# Show that the ratio of the sum of first n terms of a G.P. to the sum of terms from

Question:

Show that the ratio of the sum of first n terms of a G.P. to the sum of terms from $(n+1)^{\text {th }}$ to $(2 n)^{\text {th }}$ term is $\frac{1}{r^{n}}$.

Solution:

Let $a$ be the first term and $r$ be the common ratio of the G.P.

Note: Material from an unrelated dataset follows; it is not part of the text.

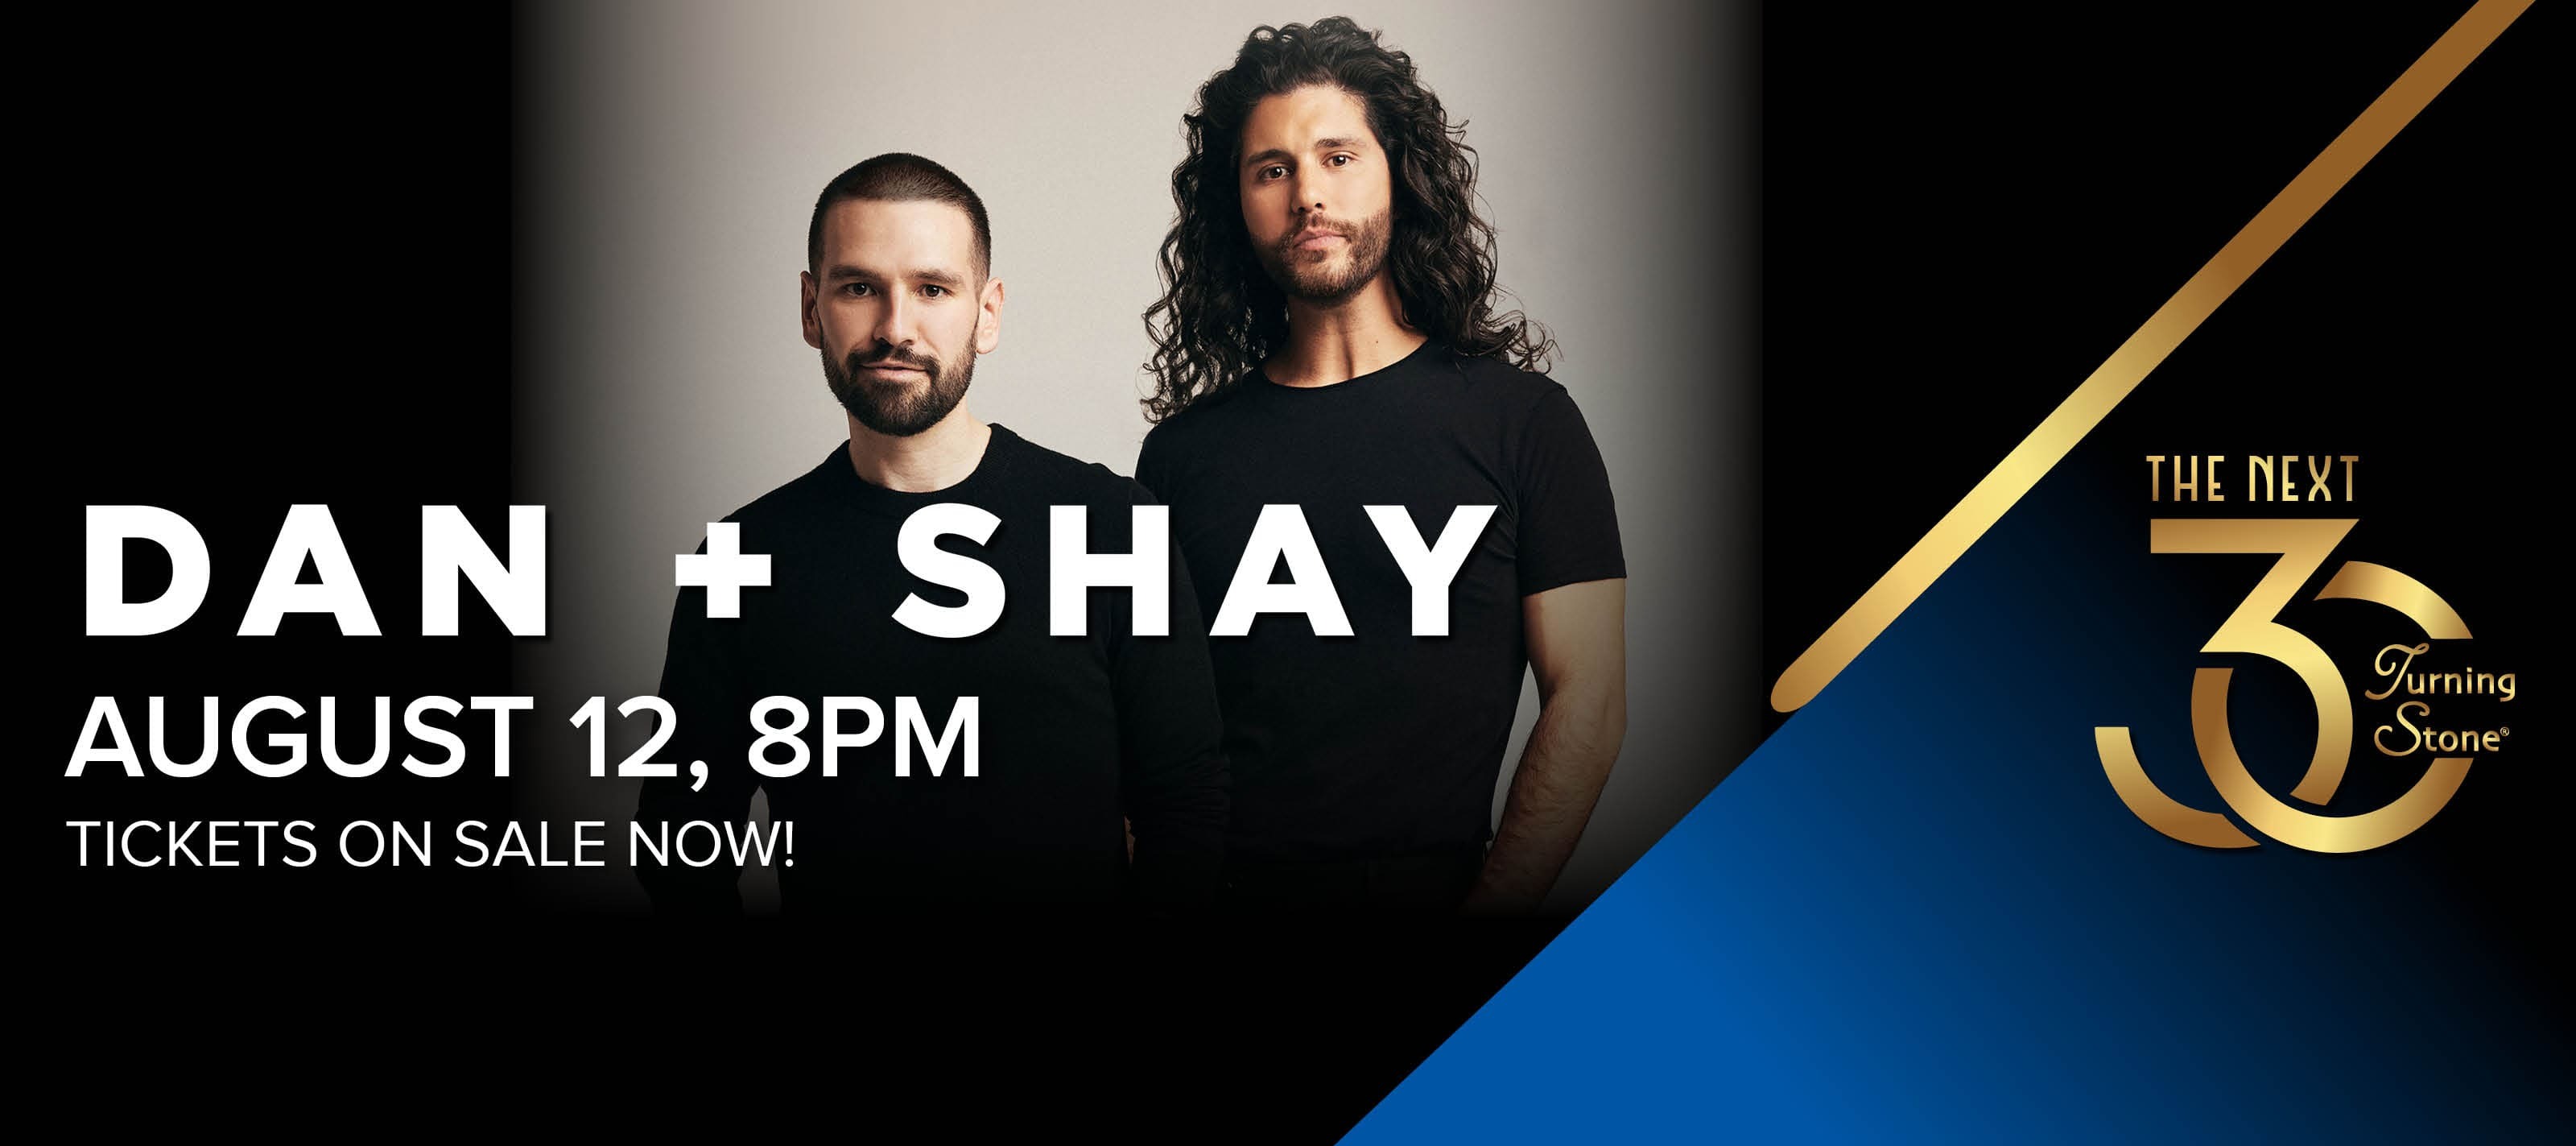 Dan + Shay August 12 8pm Tickets On Sale Now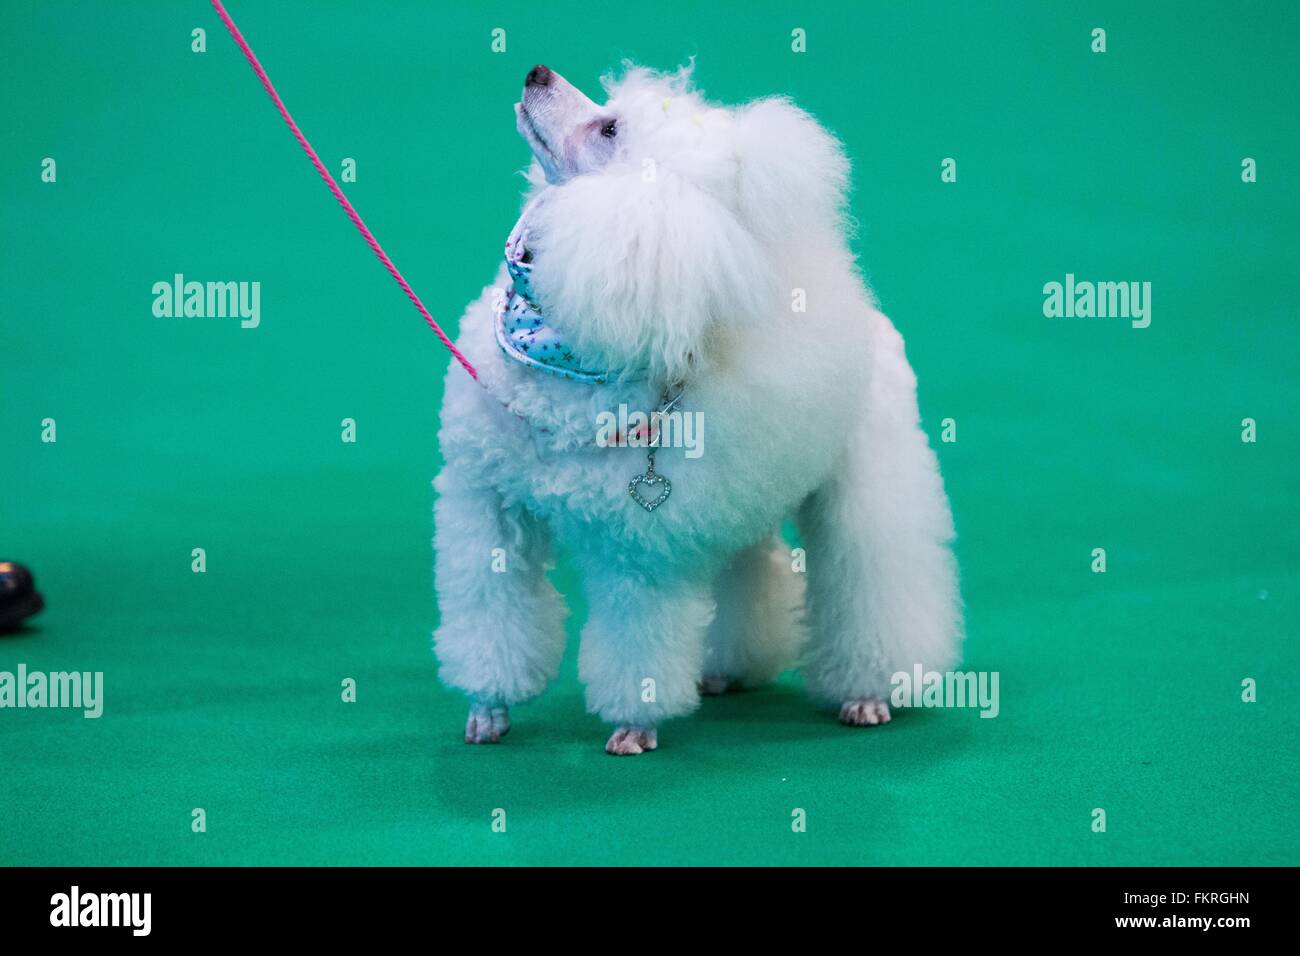 Birmingham, UK. 10th March, 2016. A Miniature Poodle looks up to his owner at Crufts 2016. Credit: Jon Freeman/Alamy Live News Stock Photo

Sum of first $\mathrm{n}$ terms $=\frac{\mathrm{a}\left(1-\mathrm{r}^{\mathrm{n}}\right)}{(1-\mathrm{r})}$

Since there are $n$ terms from $(n+1)^{\text {th }}$ to $(2 n)^{\text {th }}$ term,

Sum of terms from $(n+1)^{\text {th }}$ to $(2 n)^{\text {th }}$ term $=\frac{\mathrm{a}_{\mathrm{n}+1}\left(1-\mathrm{r}^{\mathrm{n}}\right)}{(1-\mathrm{r})}$

$a^{n+1}=a r^{n+1-1}=a r^{n}$

Thus, required ratio $=\frac{a\left(1-r^{n}\right)}{(1-r)} \times \frac{(1-r)}{a r^{n}\left(1-r^{n}\right)}=\frac{1}{r^{n}}$

Thus, the ratio of the sum of first $n$ terms of a G.P. to the sum of terms from $(n+1)^{\text {th }}$ to $(2 n)^{\text {th }}$ term is ${ }^{\frac{1}{n^{n}}}$.